第11時限目 写真のお時間 その10
寮に戻って、さてじゃあ咲野先生を探そうという段階になって、この化粧ポーチを渡すってことはつまり、お風呂上がりまたはお風呂に入っている咲野先生と遭遇するというわけで――
「あっちゃー、しまったー。誰かに取りに行ってもらうとか……いや、でもなー」
靴を脱ごうとしたところで、後ろからそんな困った調子の声が聞こえて振り返ると、大きいとまでは言わないけれど小さくもない手頃サイズのお饅頭の南半球をバスタオルで隠しつつ、脱衣所のスライド式ドアを開いて出てきた咲野先生が。
……ちょ、ちょっと先生!?
私が咲野先生と初めて会ったときと構図が真逆だ、なんてことを1%くらい考え、残りの99%は想像通り無防備過ぎる先生に、
「ちょ、ちょっと先生!?」
慌てふためく私が目を瞑りながら、脳内の言葉を声に出すセルフリピートをしつつ、両手をわたわた振っていると、
「ん? あ、小山さん。どったの?」
と何か悪いものでも食べた? みたいな目でこちらを見てくるから、思わず冷静になって私も言い返す。

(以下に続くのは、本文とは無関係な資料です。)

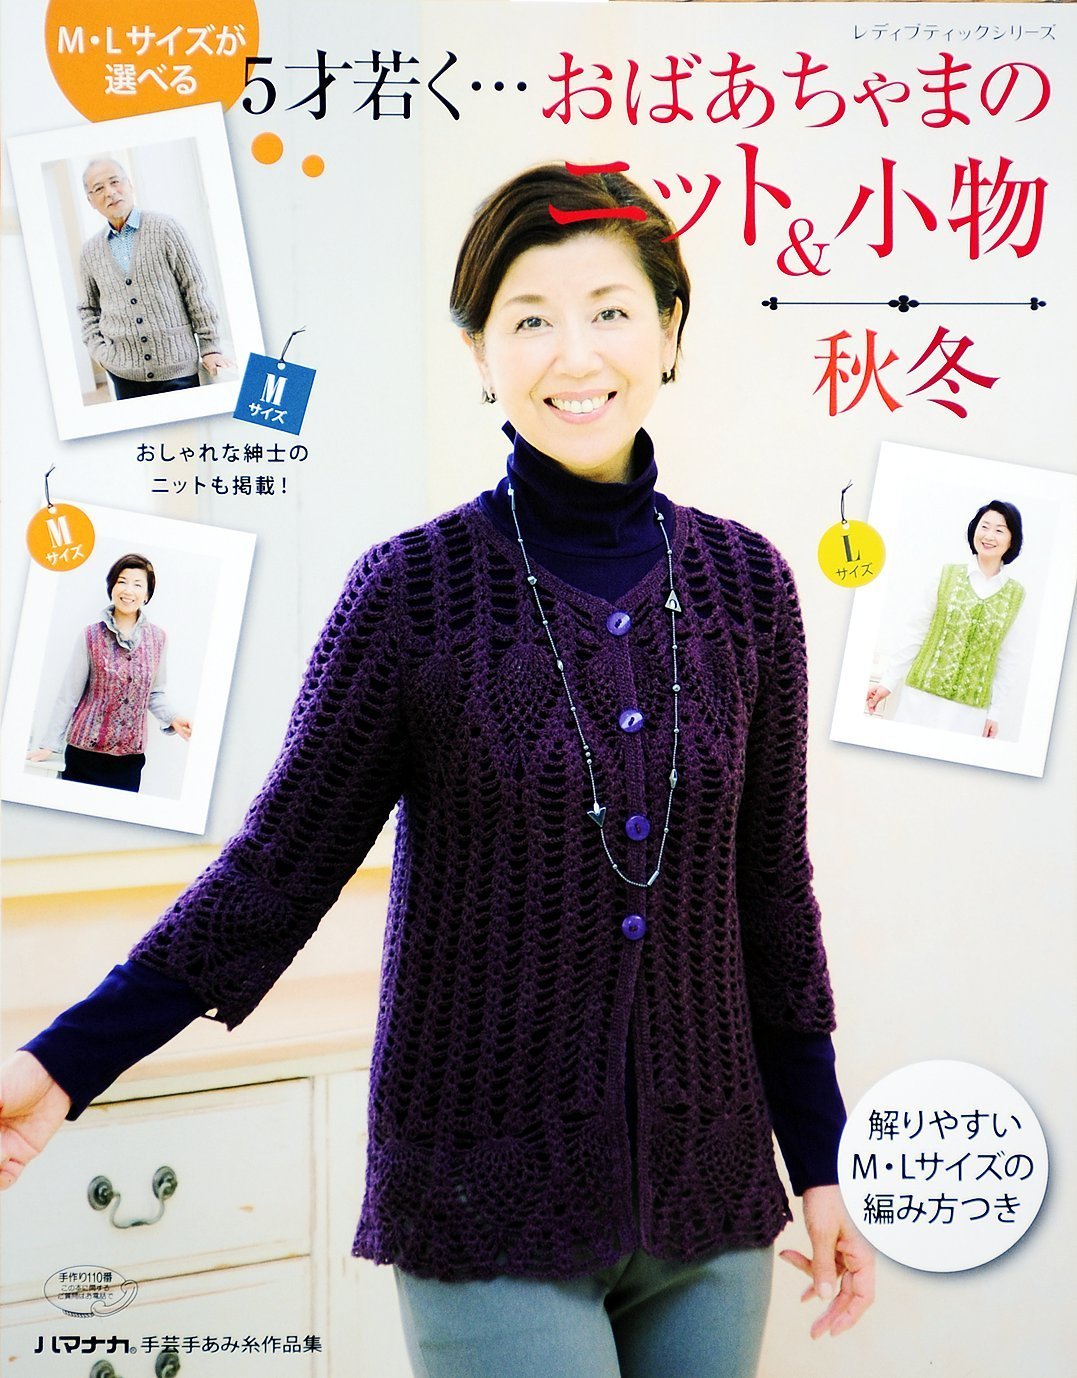 Obaa Chama knit & accessories 2015-2016 Fall
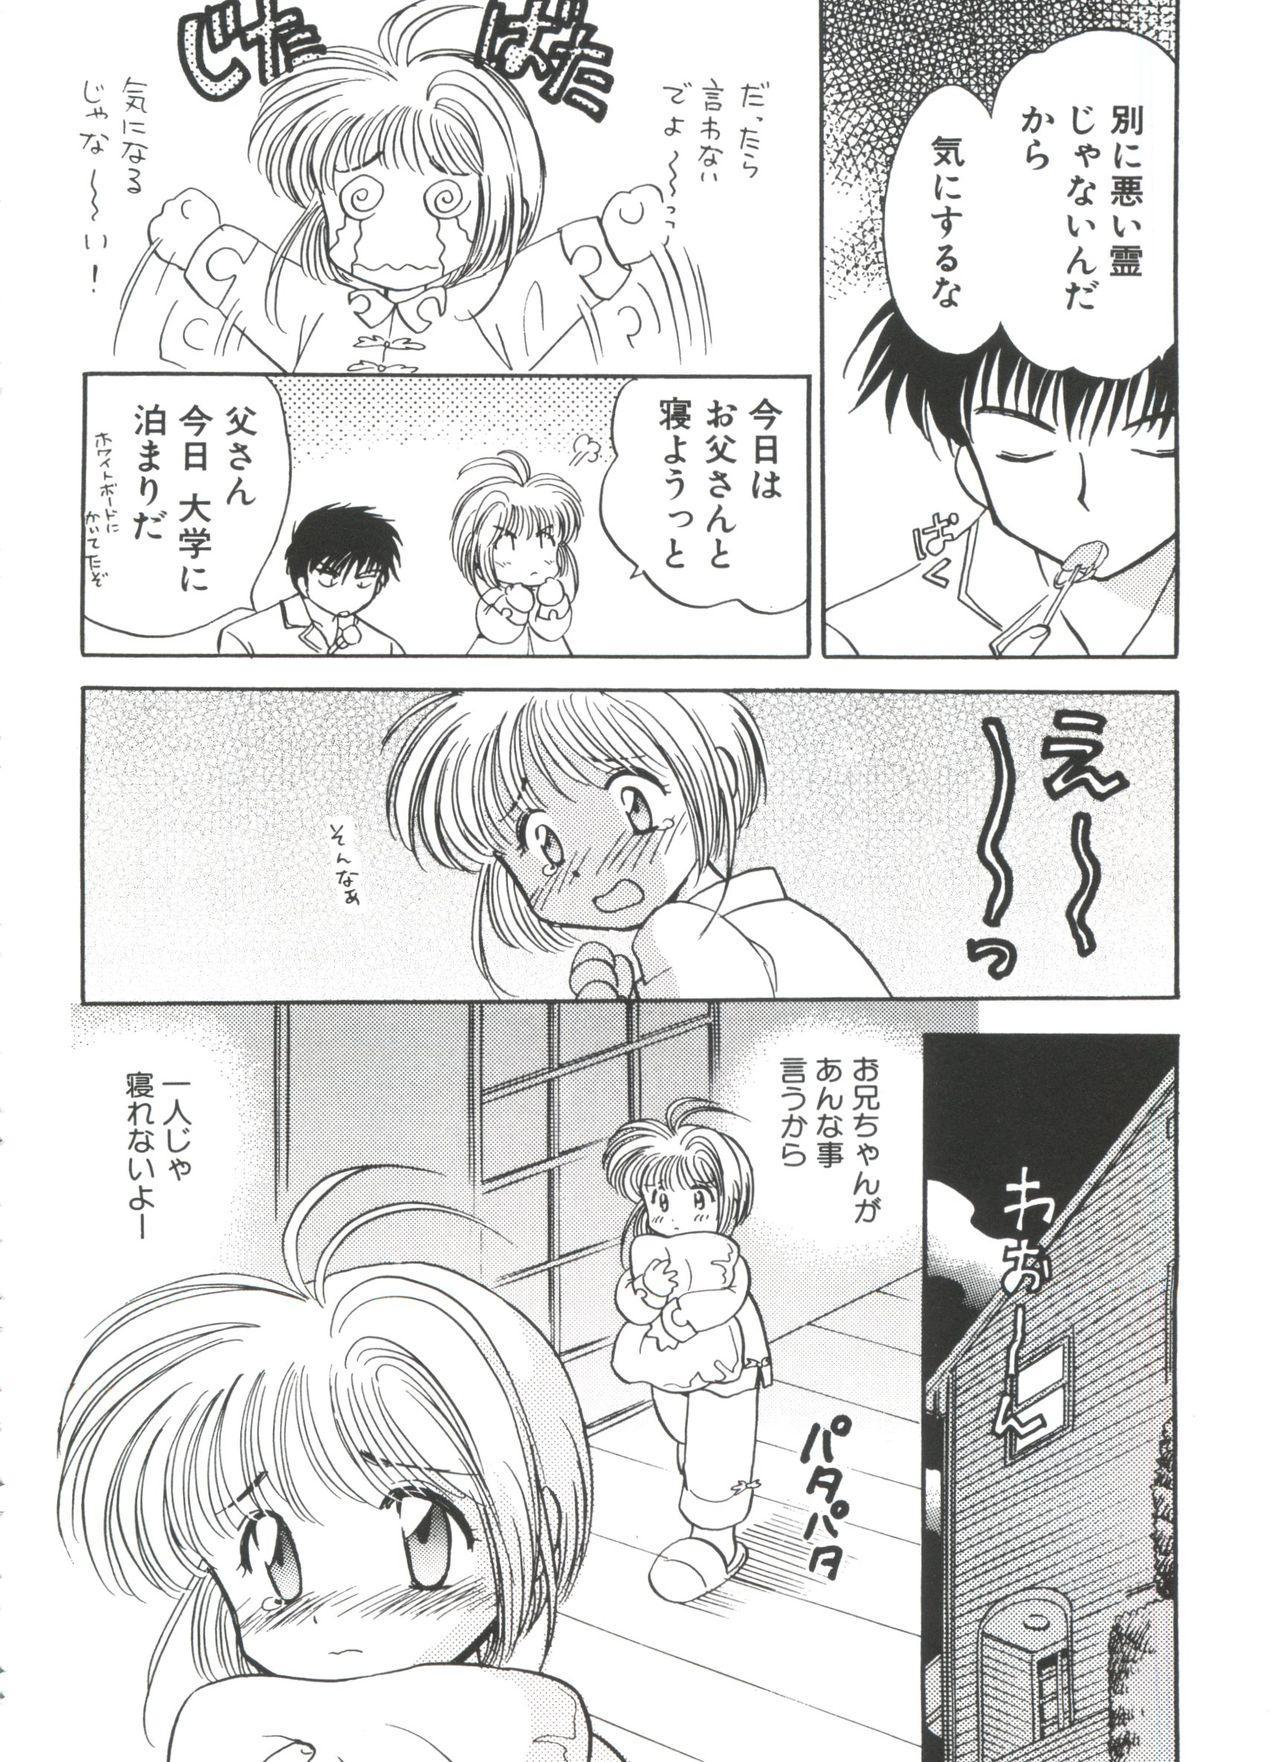 Ero-chan to Issho 2 23

「どったの? じゃないです! 何故タオル1枚なんですか!」
まあ、タオル1枚だけなら良く見る工藤さんの姿と同じだからおかしいわけでは……いや、やっぱりおかしいけれど、何と言っても良い歳した先生がそんな端ない格好するんじゃありません! って私はお母さんか!
もう自分自身、良く分からなくなってきて、一旦脳内をリセットするために深呼吸。
「いやあ、ちょっと化粧ポーチを寮長室に忘れちゃって……あれ、それってアタシの化粧ポーチじゃない?」
「あ、はい。益田さんから持っていってくれって」
咲野先生の言葉に、ようやくリセットが済んだ私は頷いて答える。
「マジでー? 助かった!」
「どうぞ」
身長差があるから、どうしても視線が下向きになるため、出来るだけ視線を合わせようとしながら化粧ポーチを差し出すと、
「あー……小山さんもお風呂入らない? アタシは先に入っとくからさ。お風呂上がったときにポーチは渡してくれればいいから」
そう一方的に、会話とも言えない言葉を打ち切って、脱衣所の扉を閉めた。
「…………え?」
何故、私もお風呂に?
今回みたいな不意打ちでなければ、肌色成分多めの相手でも恥ずかしがらずに話が出来るように……なってないかもしれないけれど、極端な挙動不審は減った、はず。
でも、広めとはいえお風呂に女性と入るのは未だ動揺する要素が多すぎ――
「ほら、小山さん?」
閉まったはずの扉が再び開いて、私は心臓が一瞬止まった気がした。
「は、はい!」
……か、覚悟決める、しかない、かな!
私は諦めて、部屋に戻って着替えを持って、擦り寄ってきたテオを布団の上に鎮座させ、化粧ポーチを持って、足音がうるさくない程度に駆け降りる。
駆け下りたのは、もし私がぐだぐだしていると、先生がもしかしてそのままの格好で私の部屋にまで来るのではないかと思ったからなんだけれど、まあ良く考えたら流石にそこまではしない……よね?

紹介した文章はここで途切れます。